Why? There were many reasons, I’m sure, but here’s the most troubling one: The images in the songs confirmed white listeners’ lowly view of black people. That put me into a deep funk, which continued long after the concert was over.
Now I’m in a funk again, thanks to remarks about Duke University basketball by Jalen Rose. In a new ESPN documentary about the so-called “Fab Five” hoops team at the University of Michigan in the early 1990s, Mr. Rose (a member of the Fab Five) says that he and the other African-Americans on the Michigan squad believed that Duke “only recruited black players who were Uncle Toms.”
Rose singled out the former Duke standout Grant Hill, noting that Mr. Hill grew up in a two-parent household and that his mother and father had both attended college. The comment drew a calm but pointed rebuke last week from Hill, who cautioned Rose against “stereotyping” black people.
Meanwhile, Internet chat rooms lit up with debate about Rose’s comments. Was he just “keepin’ it real,” describing the way young black males from hardscrabble circumstances view the world? Or did the comments signal something more sinister in the black community, which too often stigmatizes successful African-Americans as somehow less than black?
Are 'real' blacks uneducated with single-parents?
These are all good questions, but they ignore the role of the white community in this scenario. And that’s too bad, because Rose’s comments – like many rap songs – reinforce every anti-black prejudice in the white mind.
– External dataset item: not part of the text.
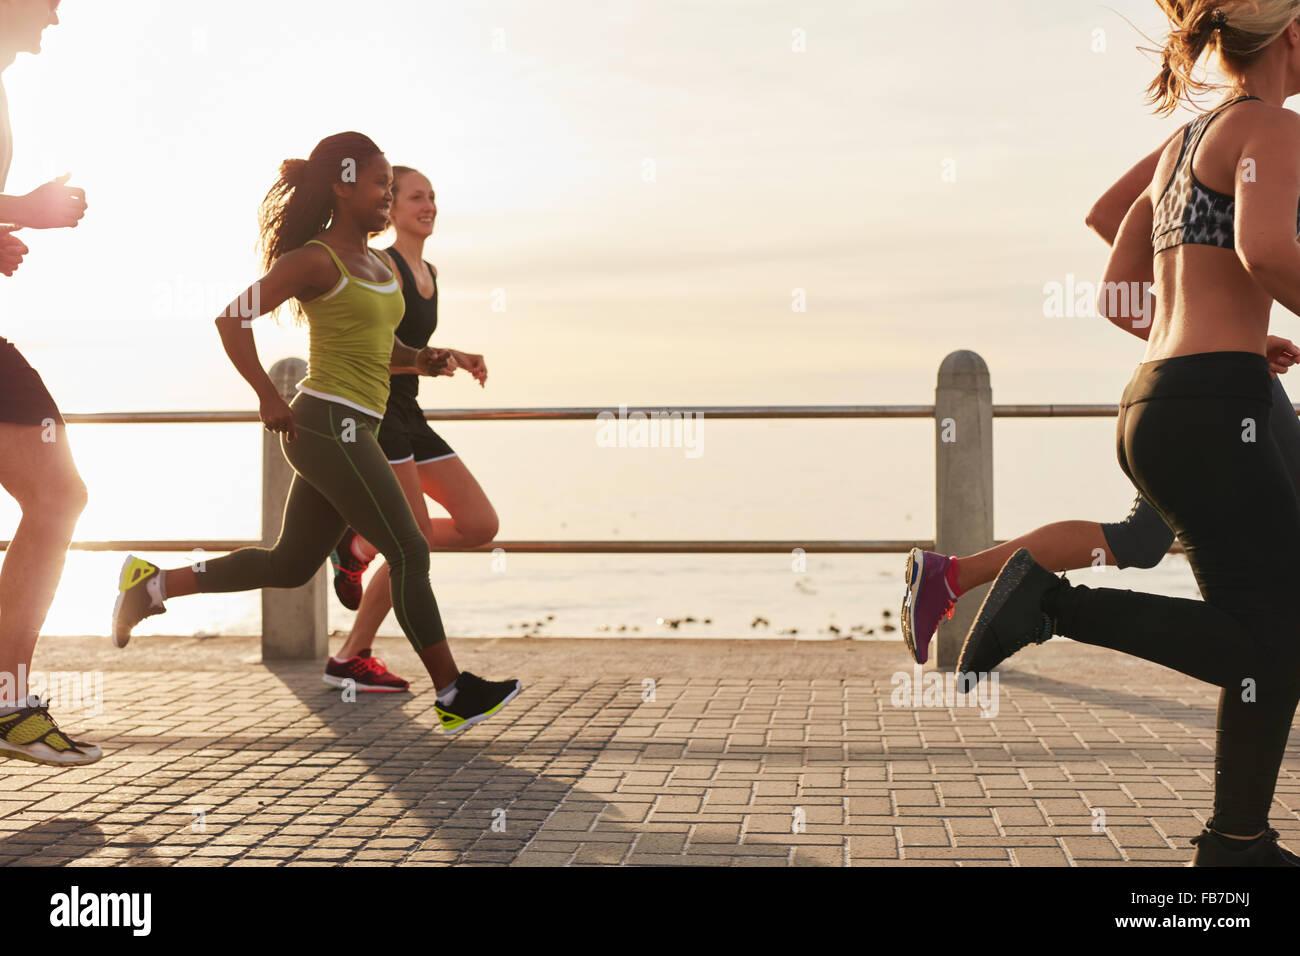 Mujer joven corriendo con amigos en el paseo marítimo al atardecer. Colocar los jóvenes haciendo ejecutar Imagen De Stock

If African-Americans with two-parent families and formal education are somehow sellouts or Uncle Toms, after all, that means “real” or authentic blacks are uneducated people who live in single-parent homes. If you were a white person who openly despised African-Americans, wouldn’t that be sweet music to your ears?
And it’s not just outright racists who groove to the tune. It finds a different kind of audience among well-meaning liberals in the academy, who frequently describe the kinds of virtues exemplified by Hill’s family – hard work, marital stability, and an emphasis upon education – as “white middle-class values.” In this argument, low rates of education and higher rates of single-parenthood are part of African-American culture; so any effort to change them reflects an imposition of “white” values upon black people.